Nov. 1995 We moved into the house at 111 N 5th St, Montrose, Ia . Typical to the era, Boatner’s property was protected from storm water runoff by using the berm and swale technique along the common boundary of the adjoining property 105 N 5th St at that time owned by Ron Dinwidde as a rental property. There was damage to the existing structures on the property was caused by storm water runoff from 5th St. The City of Montrose had not maintained any of storm water drainage ditches for so long that in most cases and certainly on my on 5th St there were no visible evidence that ditches ever existed. Both corners of my lot contained very nice and culverts. I know full well that it is the City’s responsibilities to maintain the streets and drainage ditches. But I did not bother with bringing to their attention or expect them to do my ditches. I was capable to do all the repairs needed to restore this property and its structures.

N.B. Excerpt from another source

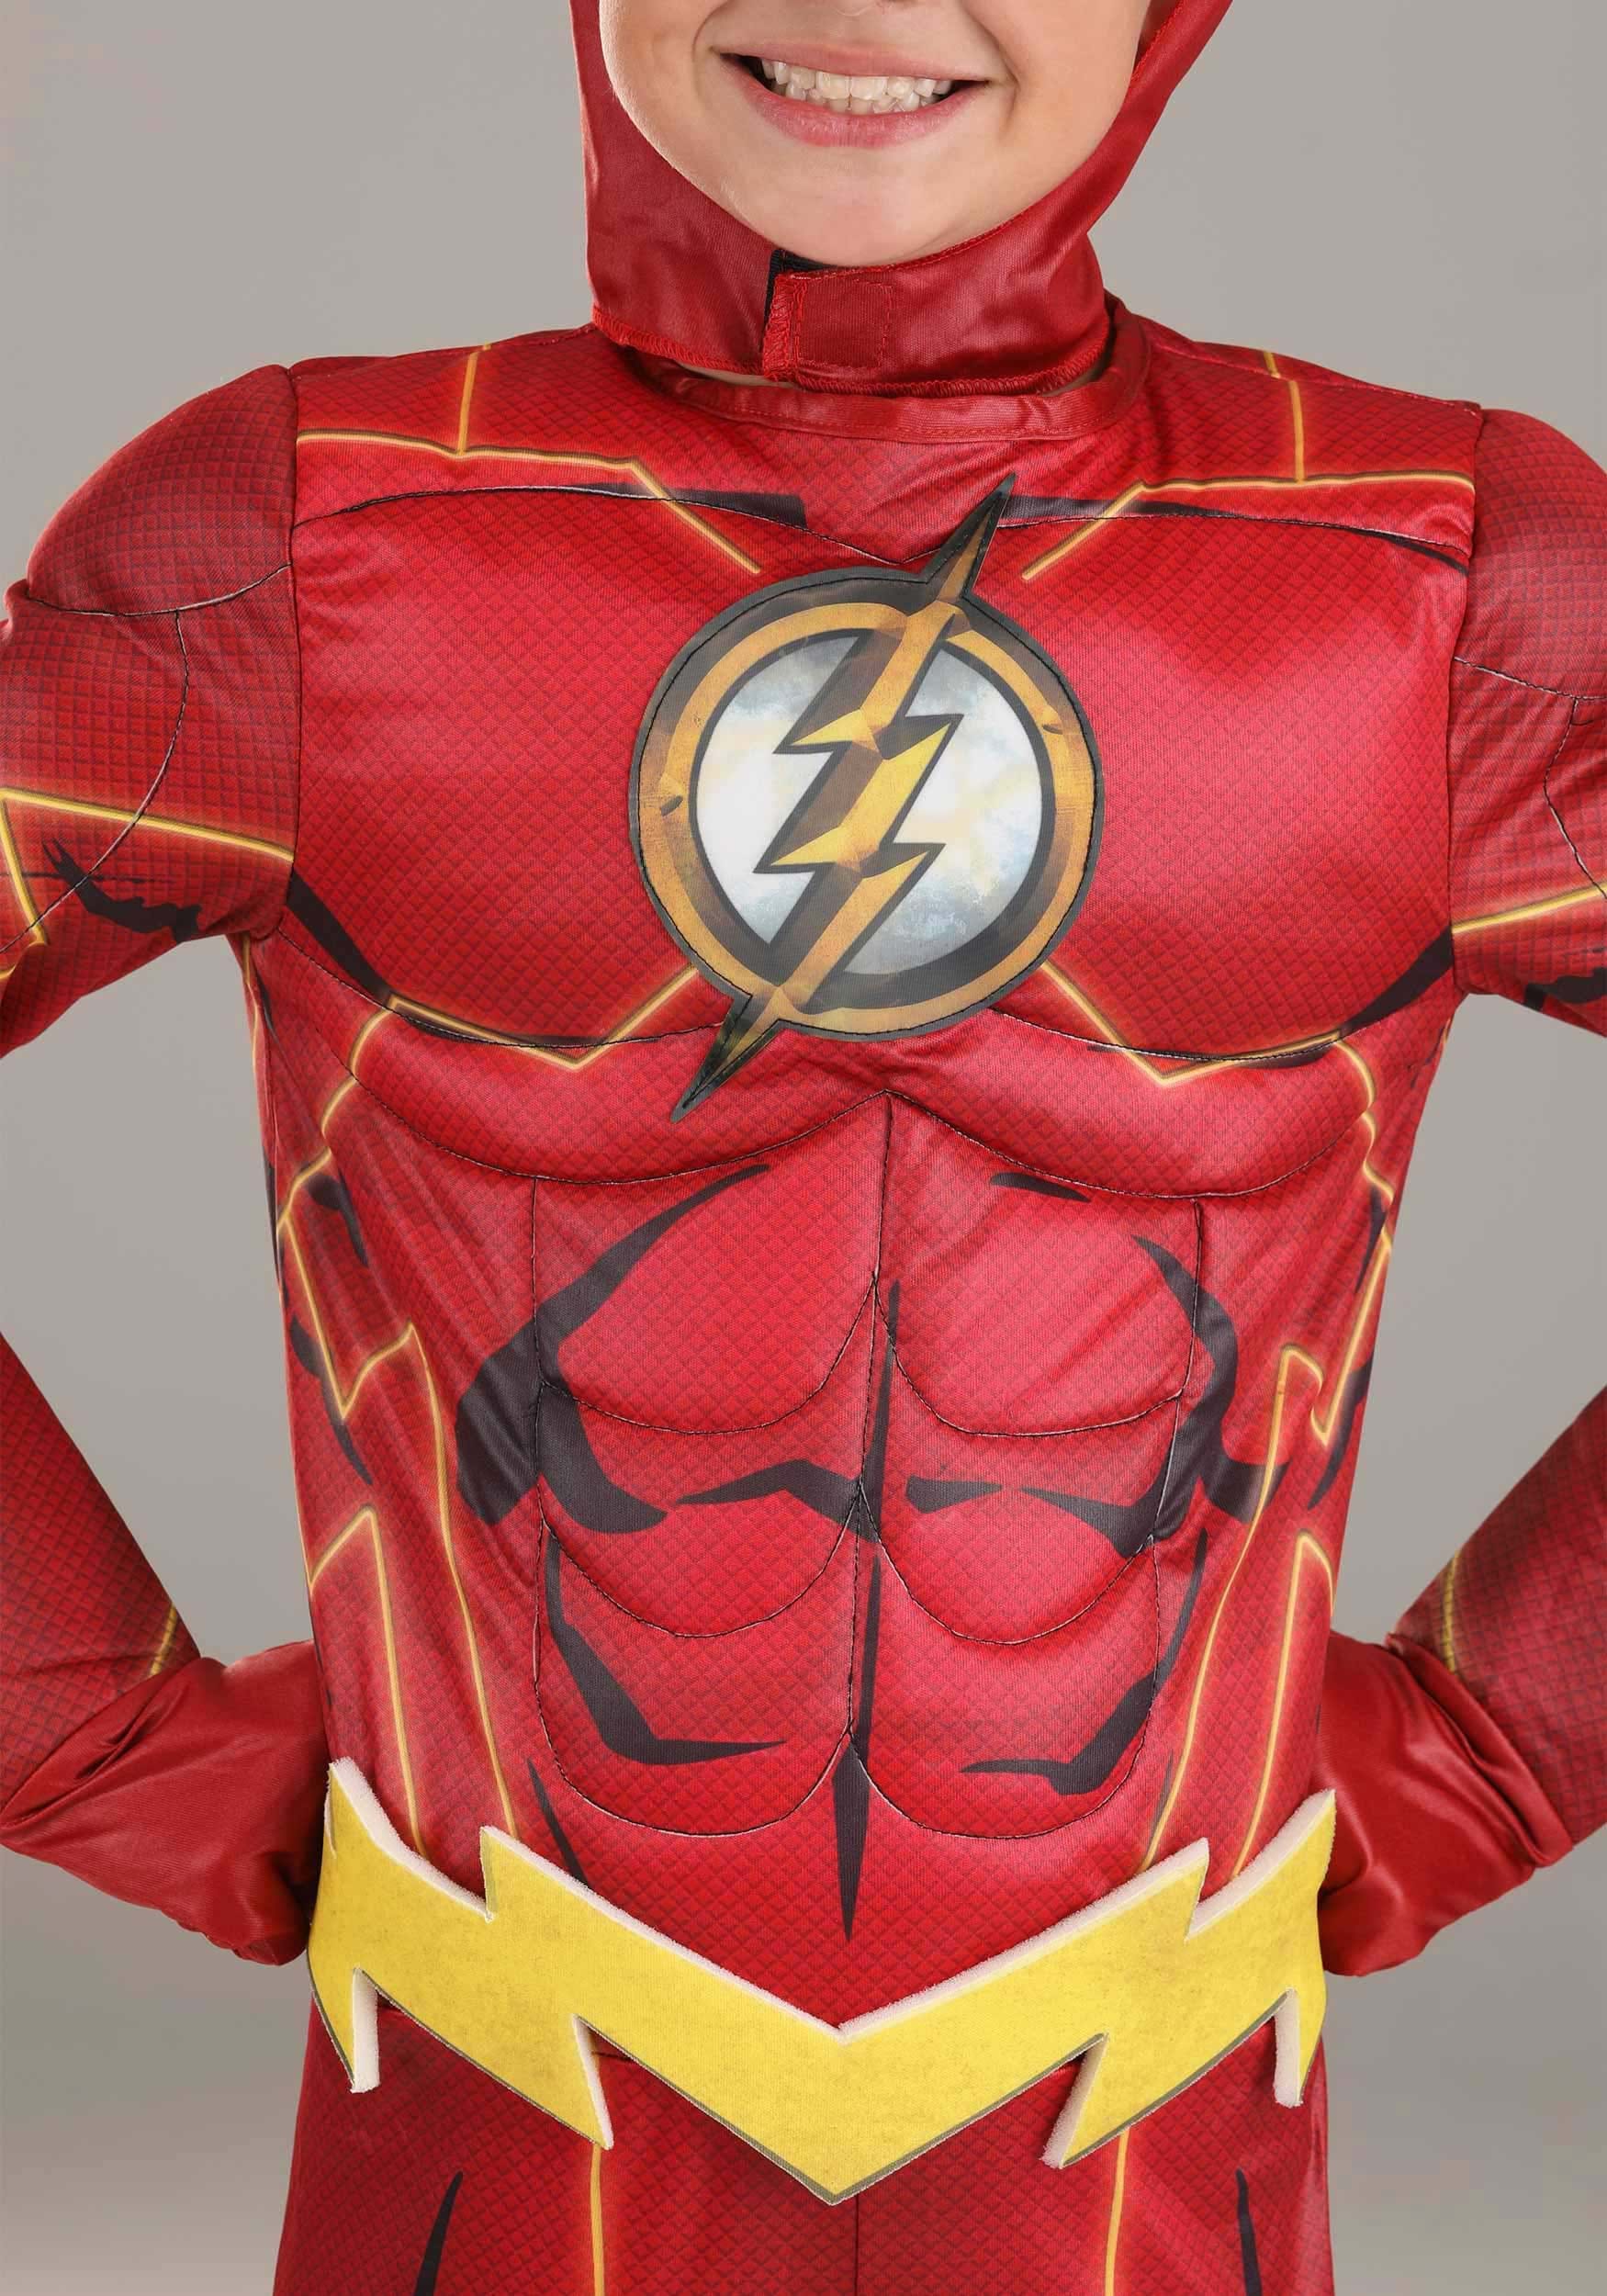 DC Comics Deluxe Muscle Chest The Flash Boys Child Costume Size Small

My first priority was to hand dig the ditches and replace the driveway culvert. I did that and have receipts and witnesses to prove that fact. Most properties in town suffered adverse effects from storm water. Public record proves that fact due to the multiple discussions over the years since I move to Montrose. On my property storm water ran from the street down the driveway, straight into the doorway of my potential workshop area. To the extent the plywood floor had rotted through and chairs that at one time were used for setting had fallen through and were setting on the ground of the crawlspace. Storm water ran over the sidewalk to the front right corner of my house. I guess it must have been ongoing for 10 or 15 years. It didn’t take to long for me to get the place back in shape. I had the knowledge and access to any equipment I needed. My social group of friends are, for the most part, in the field of construction. I renovated, rehabilitated and upgraded most everything by the time it the $10,000 loan was satisfied in 2000. Contrary to Mark Conlee’s false claim that I have not improved my property, I have receipts to prove that I have invested $20,000 at the minimum renovating my property.
I had established a reputable upholstery service and raised my son though his school years in the house at 111 N 5th St Montrose, Ia. My son has always worked, starting as a paperboy when we moved to this house. He graduated high school and though he has had some health problems, he no longer requires monthly injections. He has worked for the same welding and machine shop since he graduated high school, he is now 32 years old. I never had any problems with my neighbors of any kind. We all got along, everyone was friendly, and I considered it a nice neighborhood to live in.
Ron Dinwiddie has been the Mayor of the City of Montrose since 1995 when I purchased my property. The council members and City employees have pretty much been the same also. I have never been involved with the City politics or attended the City Council meetings. It was my opinion that all seemed to be running well within the City Government. Those who were in charge seemed sincere in their roles as community leaders.
¹ United States. Congress. House. Select Committee on Hunger. 1992. New Strategies for Alleviating Poverty: Building Hope by Building Assets: Hearing Before the Select Committee on Hunger, House of Representatives, One Hundred Second Congress, First Session, Hearing Held in Washington, DC, October 9, 1991. Government Printing Office.